Homomorphic encryption lets a server process data it cannot read. Use cases include private analytics (sum encrypted salaries without seeing them), secure voting, and confidential machine learning inference. The server never sees plaintext, so a breach reveals nothing.

Paillier vs Fully Homomorphic

Paillier supports only addition (partially homomorphic). Fully homomorphic encryption (FHE) schemes like CKKS or BGV support both addition and multiplication, enabling arbitrary computation. FHE is much slower but far more powerful.

Semantic security

The random value r in each encryption ensures that the same plaintext encrypts to a different ciphertext every time.
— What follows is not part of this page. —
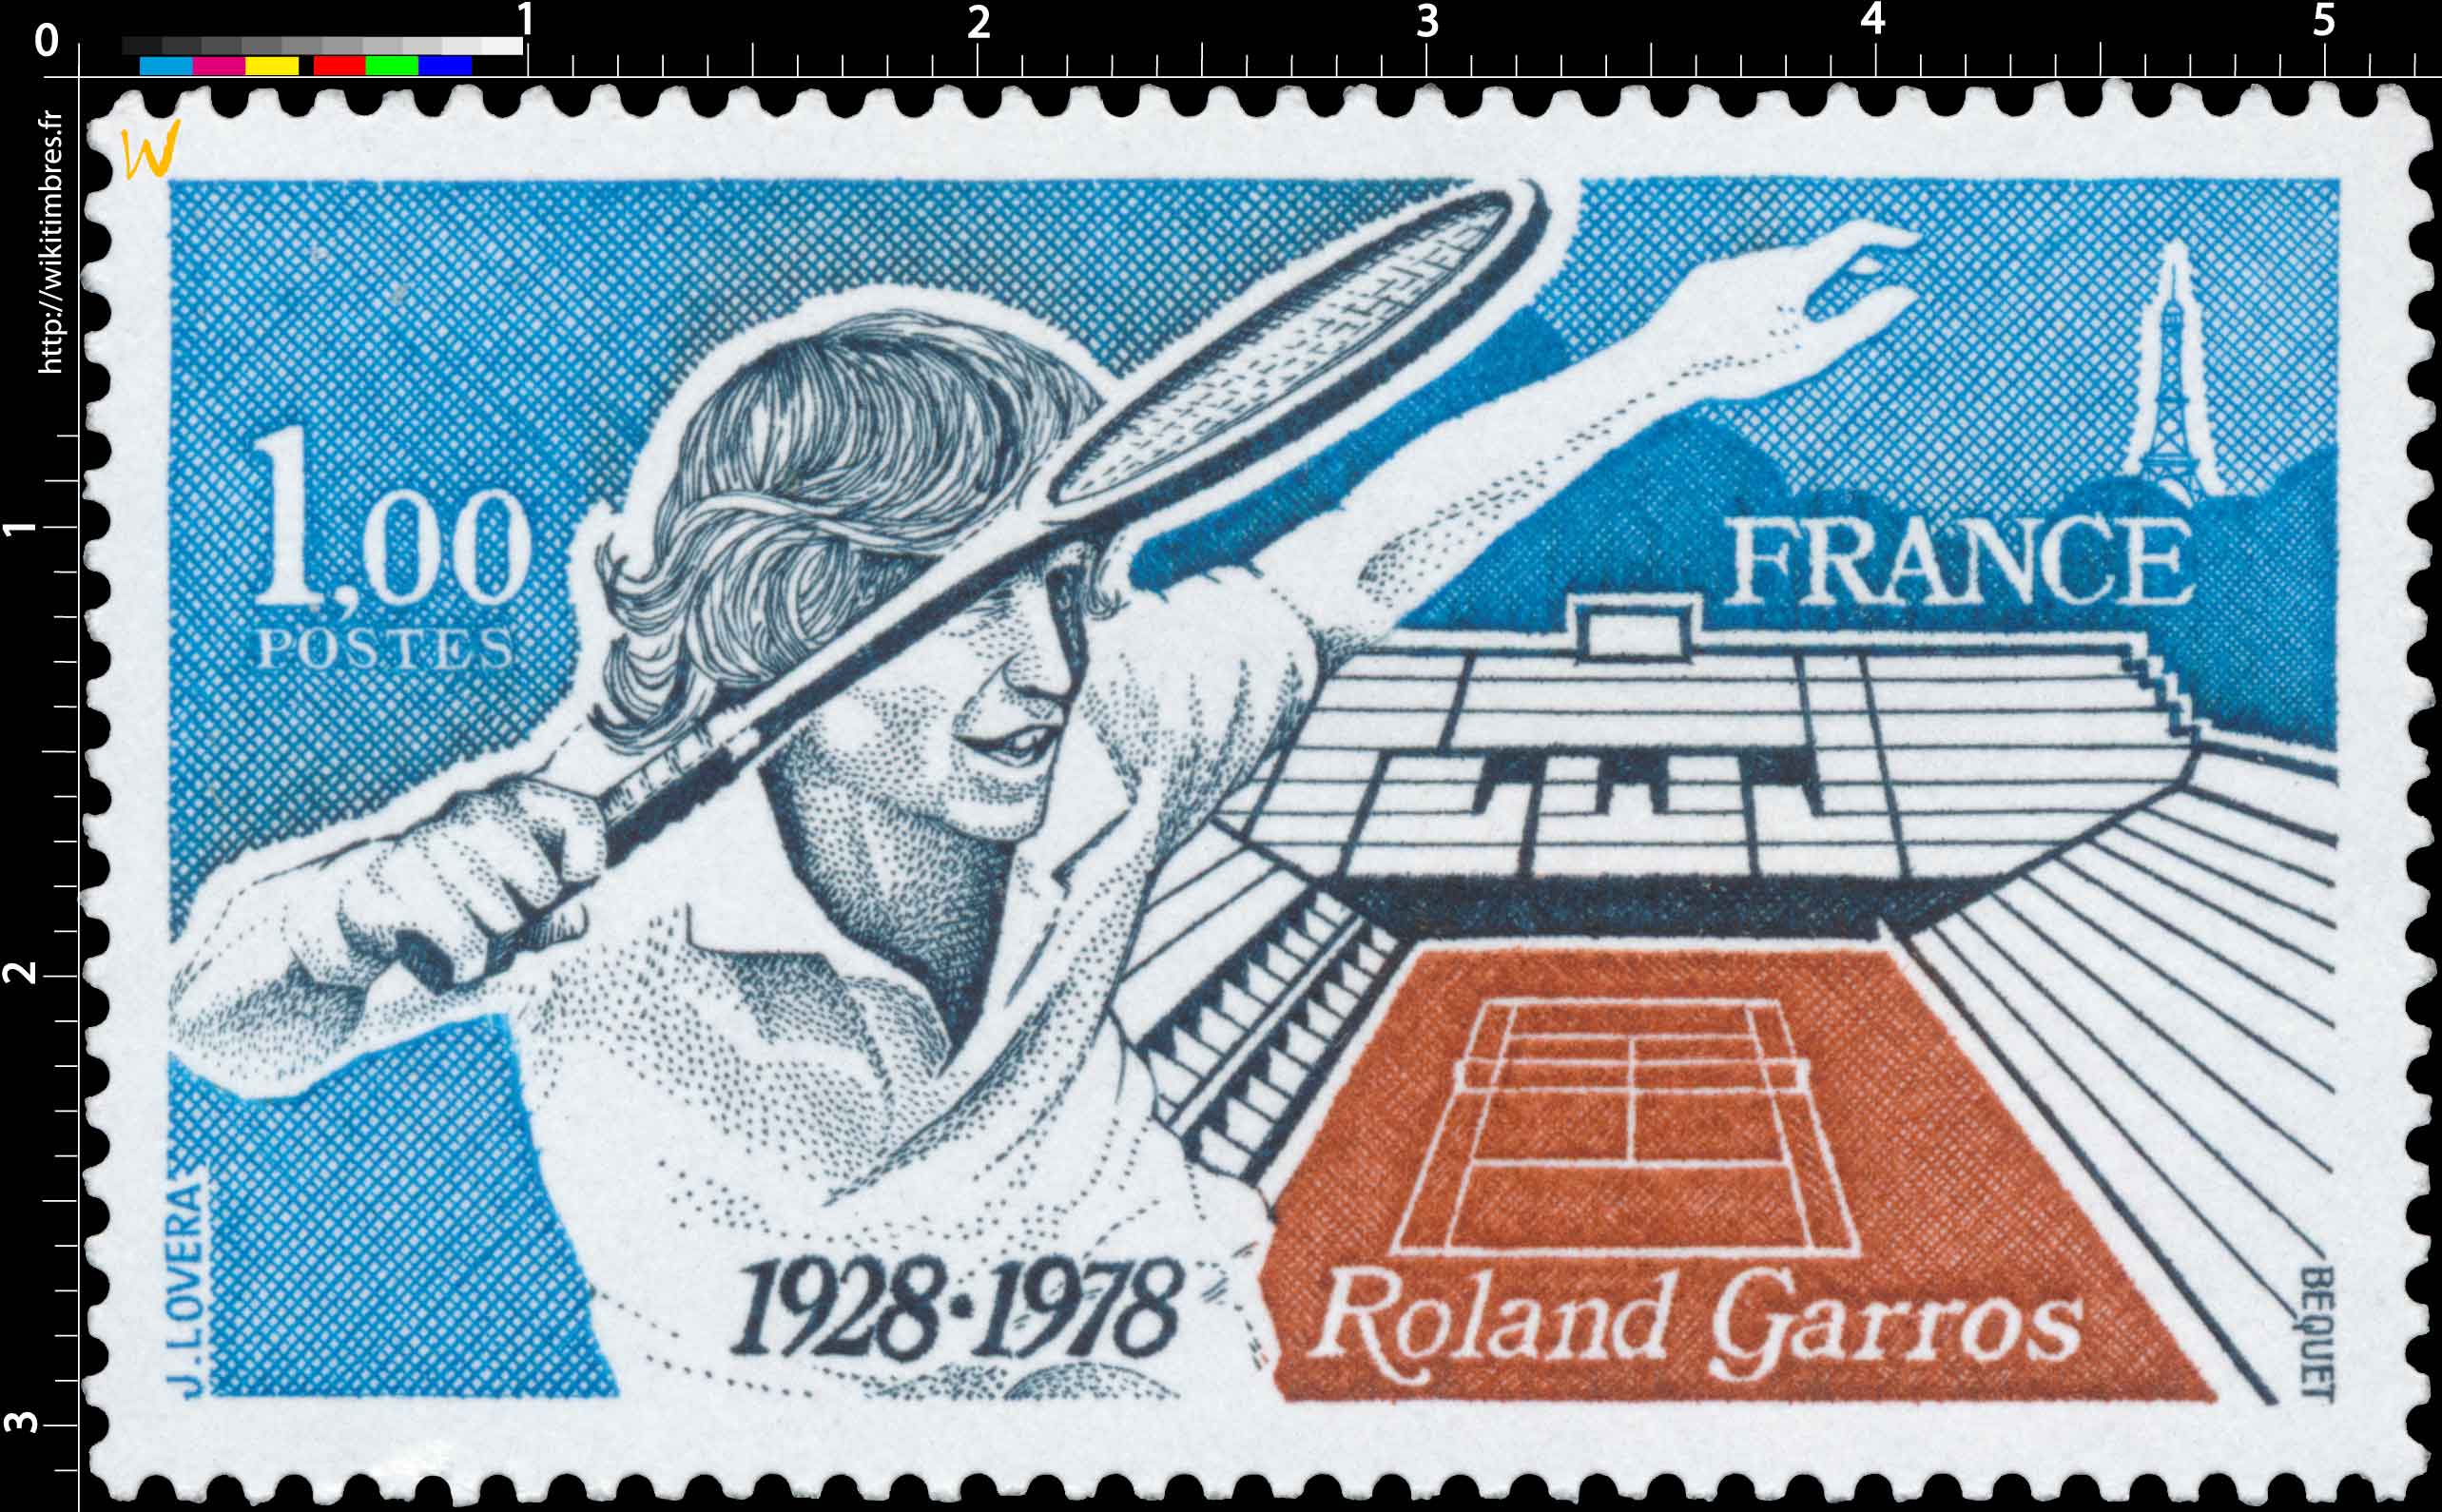 Roland-Garros 1928-1978
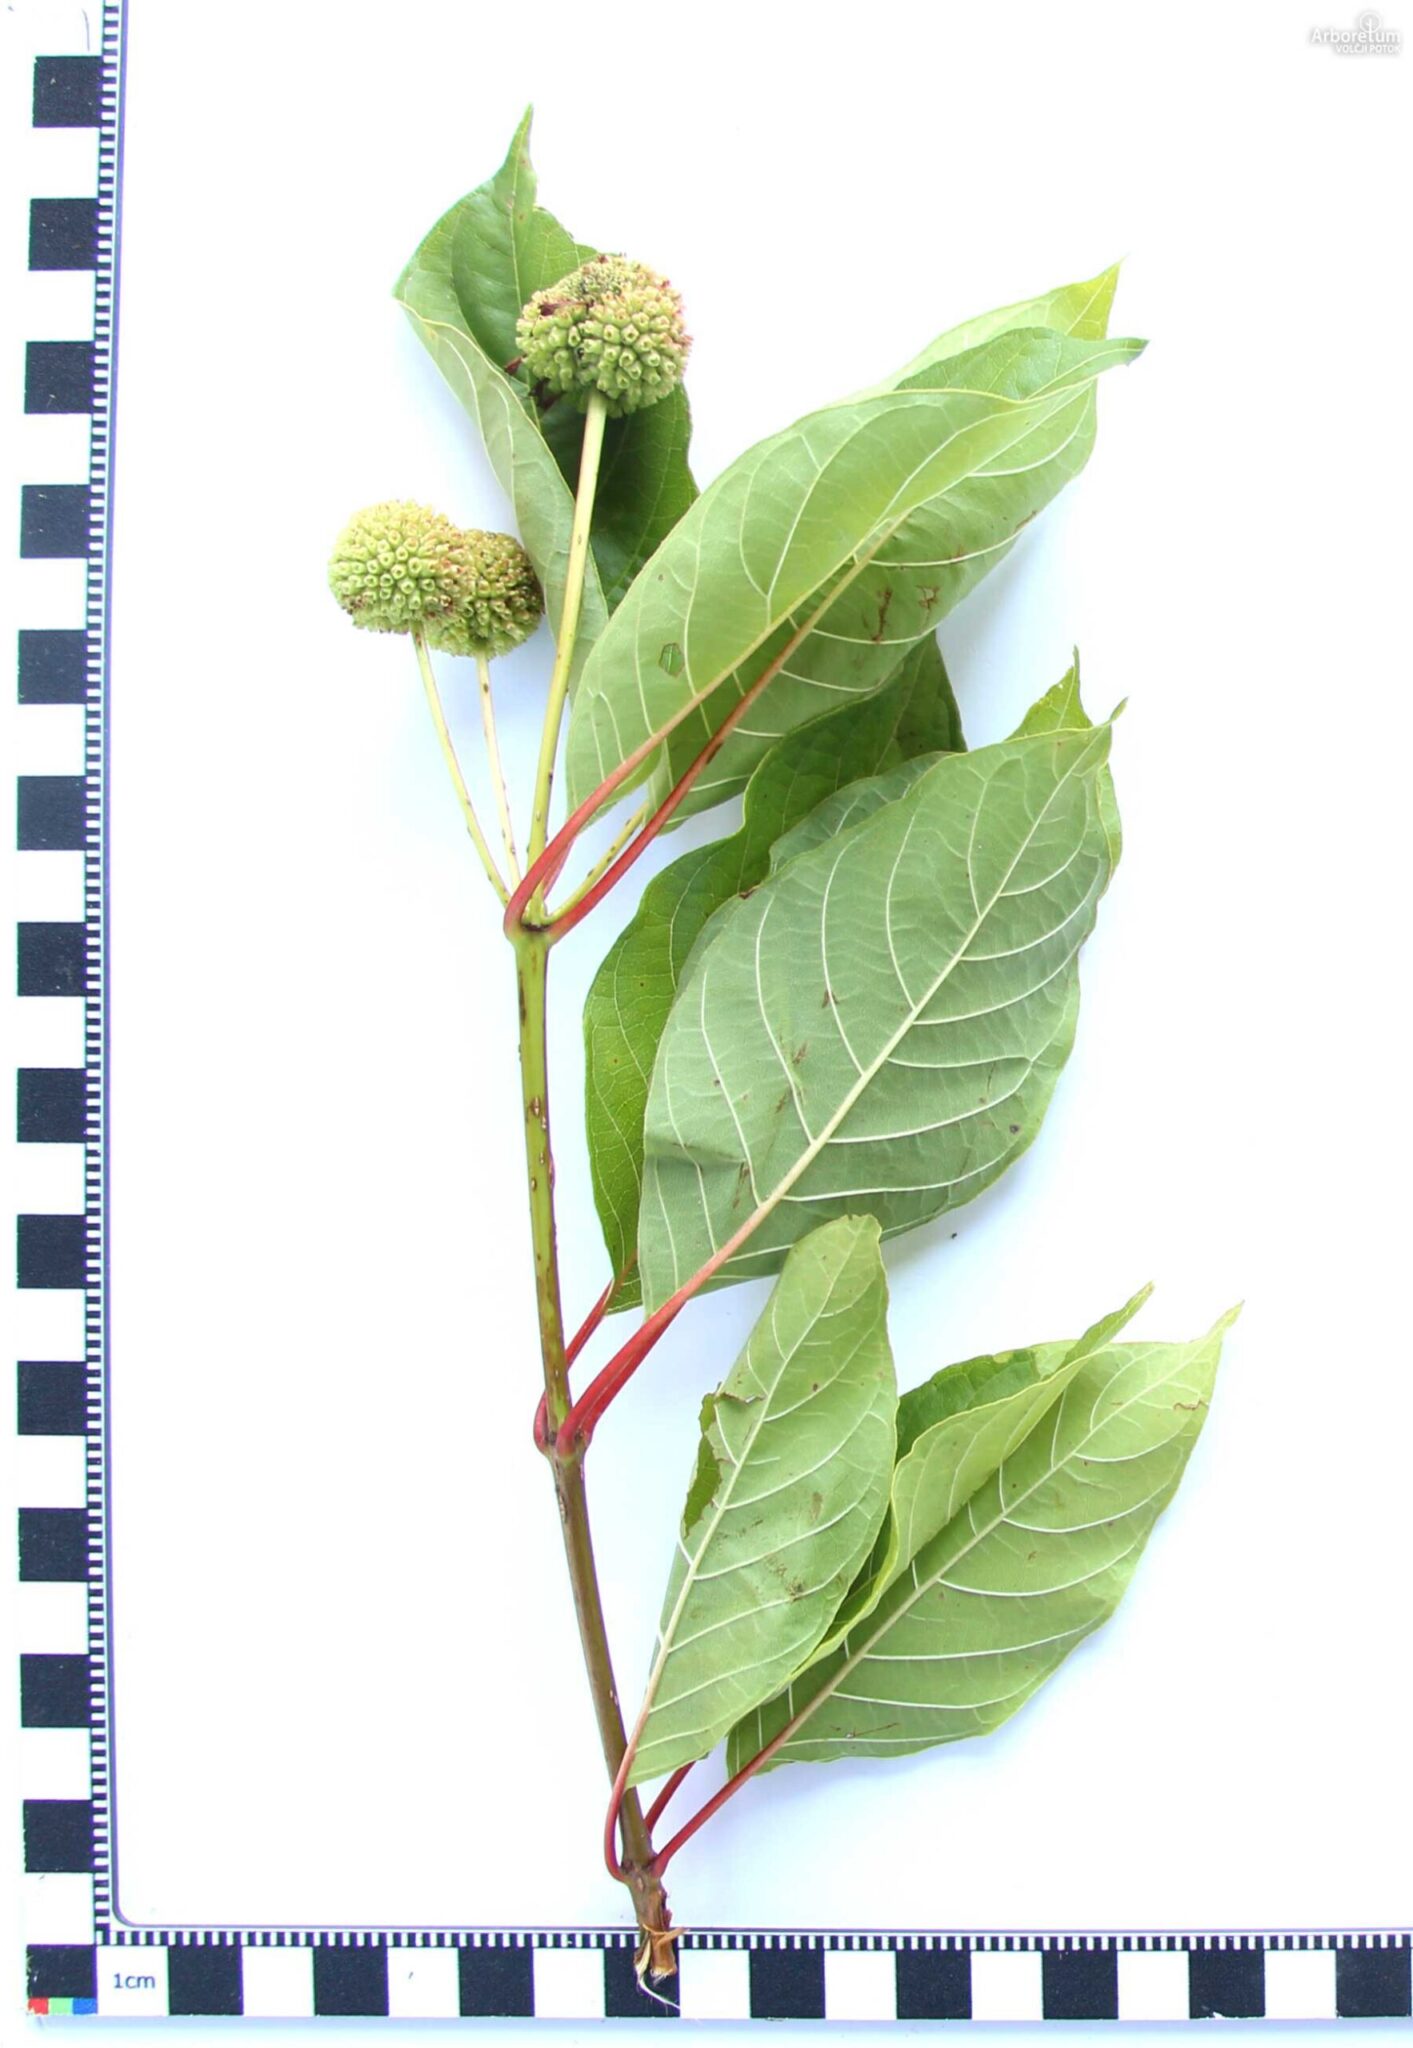 Cephalanthus occidentalis

This property (semantic security) prevents an attacker from learning whether two ciphertexts encode the same value.

Limitations

  • Uses tiny primes and BigInt math for clarity, not security.
  • Ciphertexts are much larger than plaintext inputs.
  • Performance does not scale; production homomorphic encryption is far heavier.
Security model (30 seconds)

This is a toy Paillier-style construction with tiny primes. It demonstrates additively homomorphic encryption but provides no real security. No server-side secrets and no user tracking are used. Do not use it for production data.